On an emotional level, the thematic evolution in Kusama’s work is stirring, but from a technical perspective, combing through her history and seeing how she adapts her ideas to various media with increasingly effective results is equally breathtaking. So much of her art concerns itself with reflexively endless motifs, from the infinity dots to the aforementioned phalluses. But seeing her early paintings and sculptures up close and noting the prolific attention to detail necessary in bringing her vision to life makes the latter work that leverages the use of mirrors and LED lights so much more impressive.

Her technical mastery mirrors her growth in using art to conquer her own personal fears. It’s a catharsis easily found for anyone willing to give up even a sliver of themselves when engaging her work.
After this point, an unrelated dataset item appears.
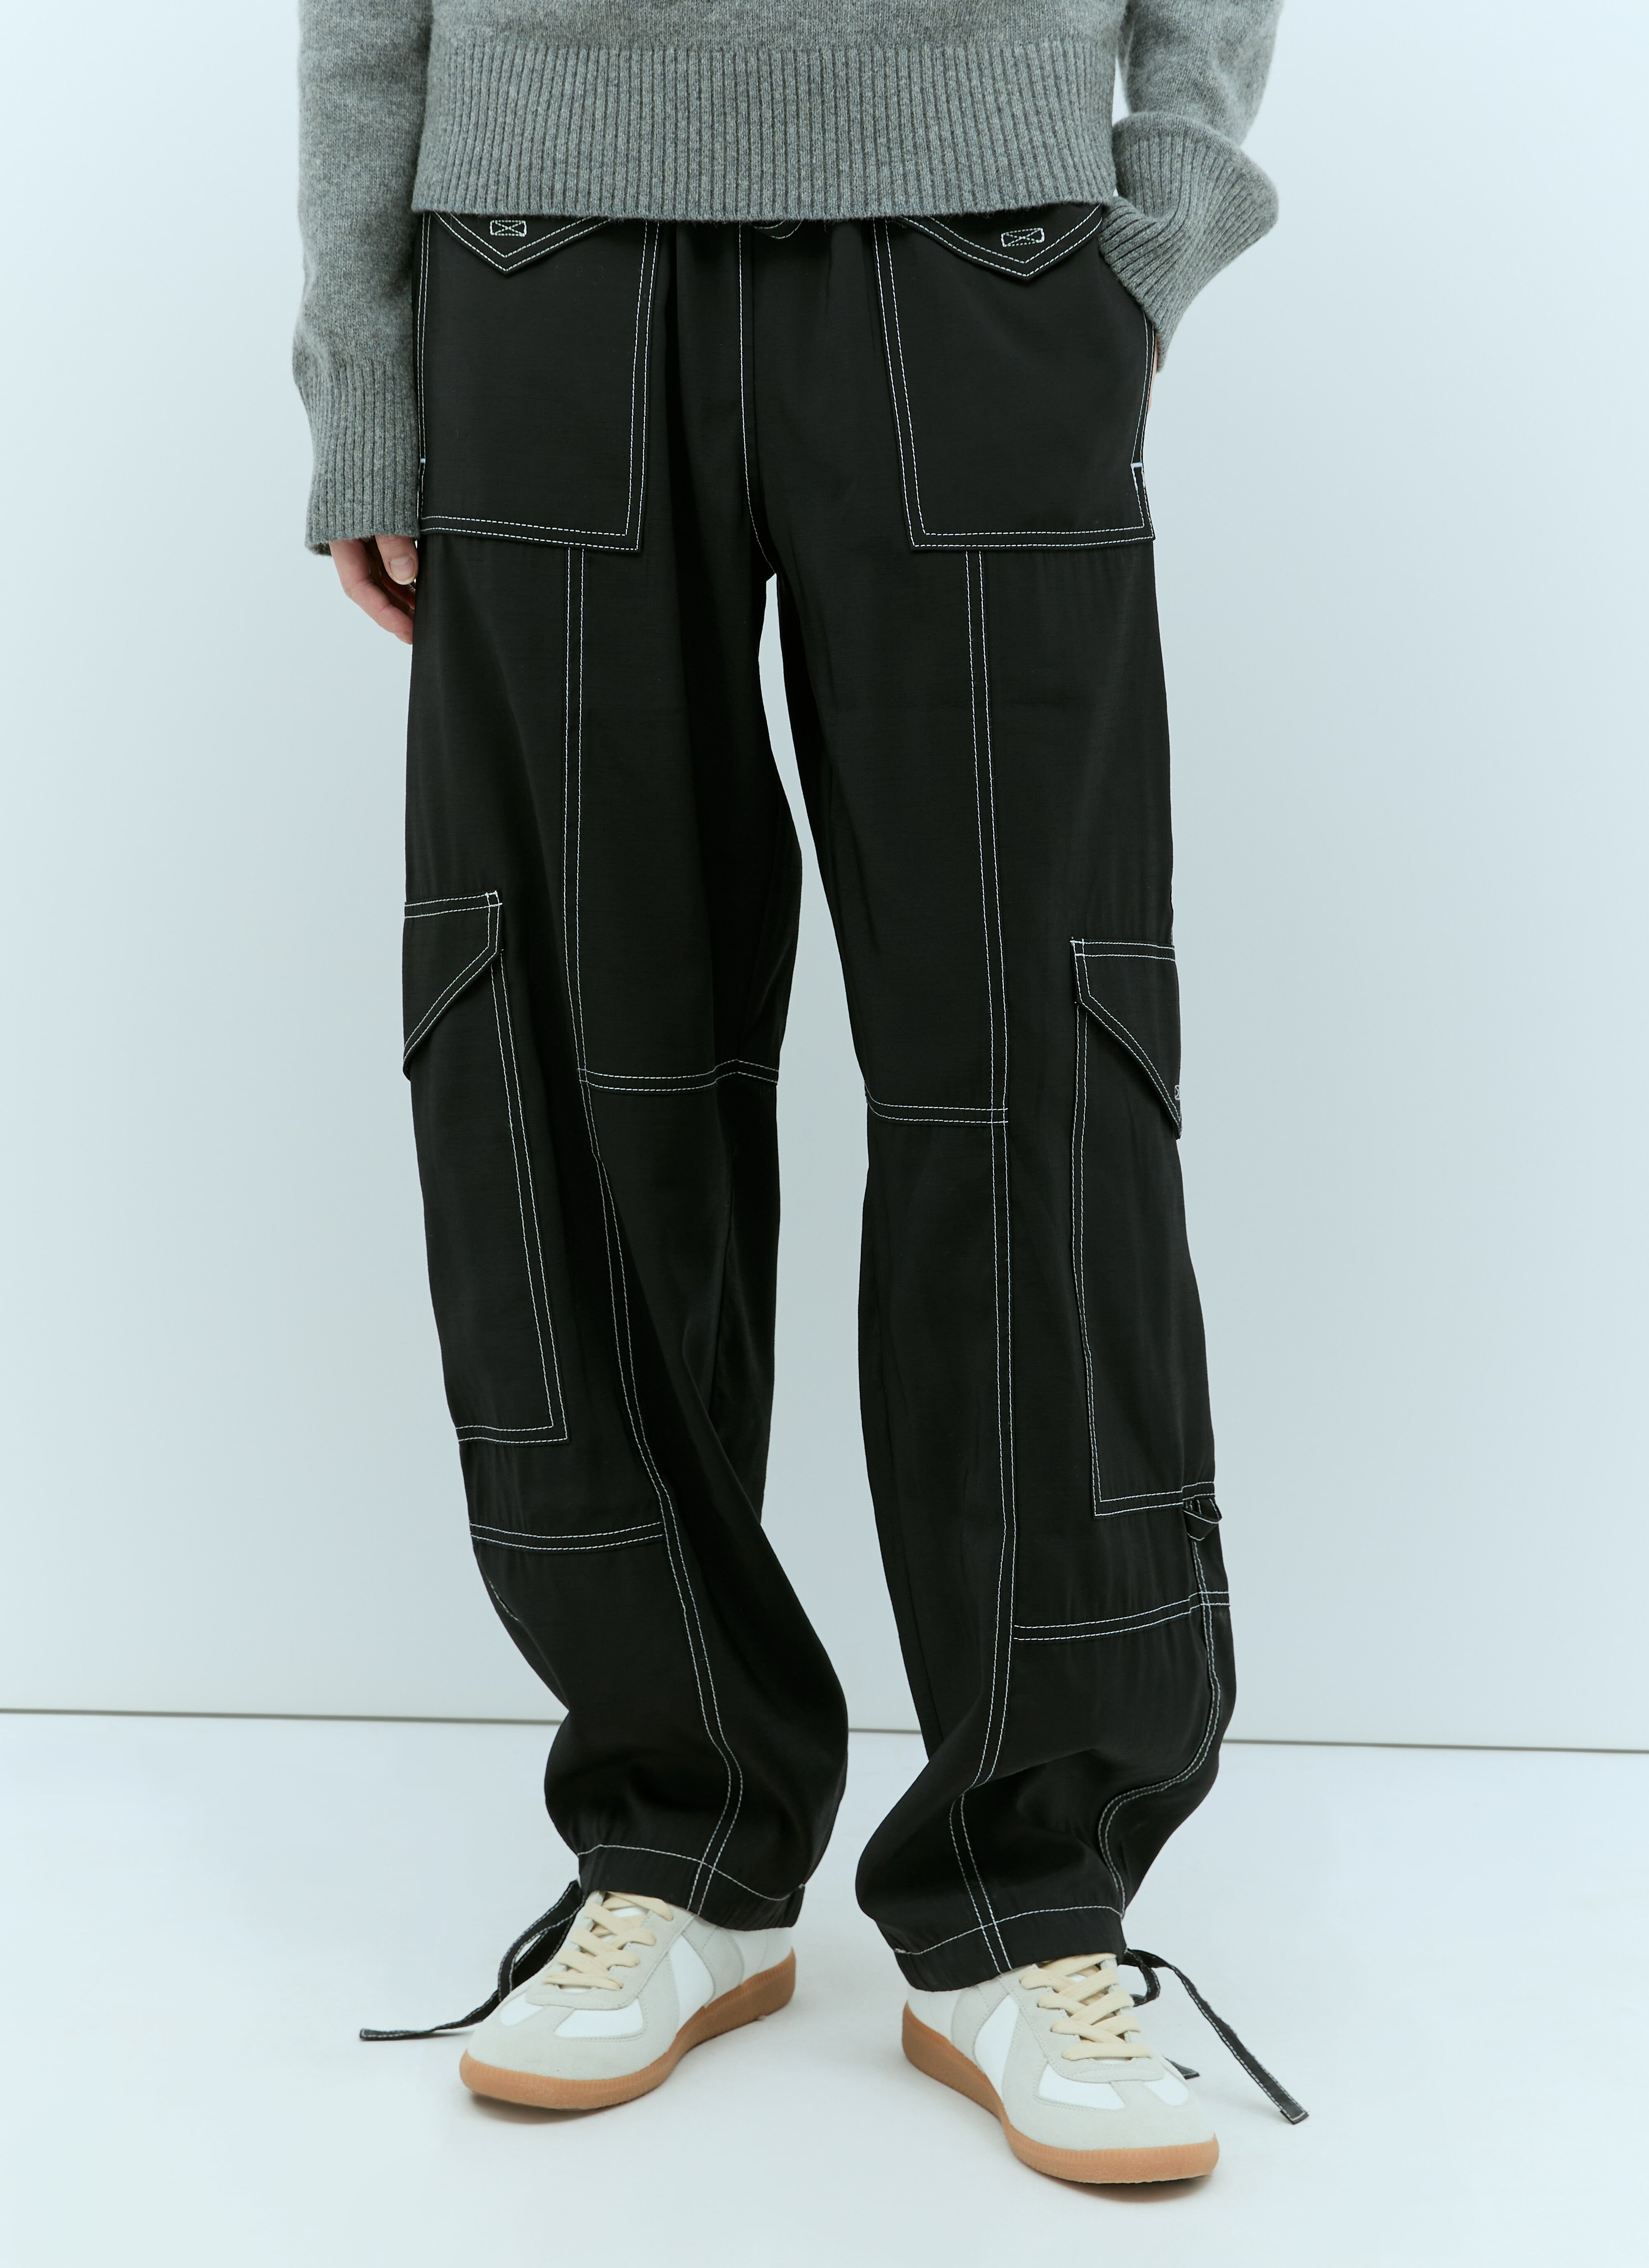 Acne Studios Light Slub Pocket Pants Beige acn0257018

Kusama’s work was revolutionary and a key influence on artists like Andy Warhol and Lucas Samaras, but after her time in 1970s New York, she’s rarely been given her due stateside. After this exhibit’s run here in D.C., it’ll move to other galleries in North America, from Seattle to Los Angeles and on to Toronto.

The installations require an amount of intimacy to truly behold, which means one-on-one time between the viewer and the piece. To that end, the Hirshhorn is giving out free timed passes to properly manage traffic in the exhibit, and has hired a huge number of guides and attendants to help the process along.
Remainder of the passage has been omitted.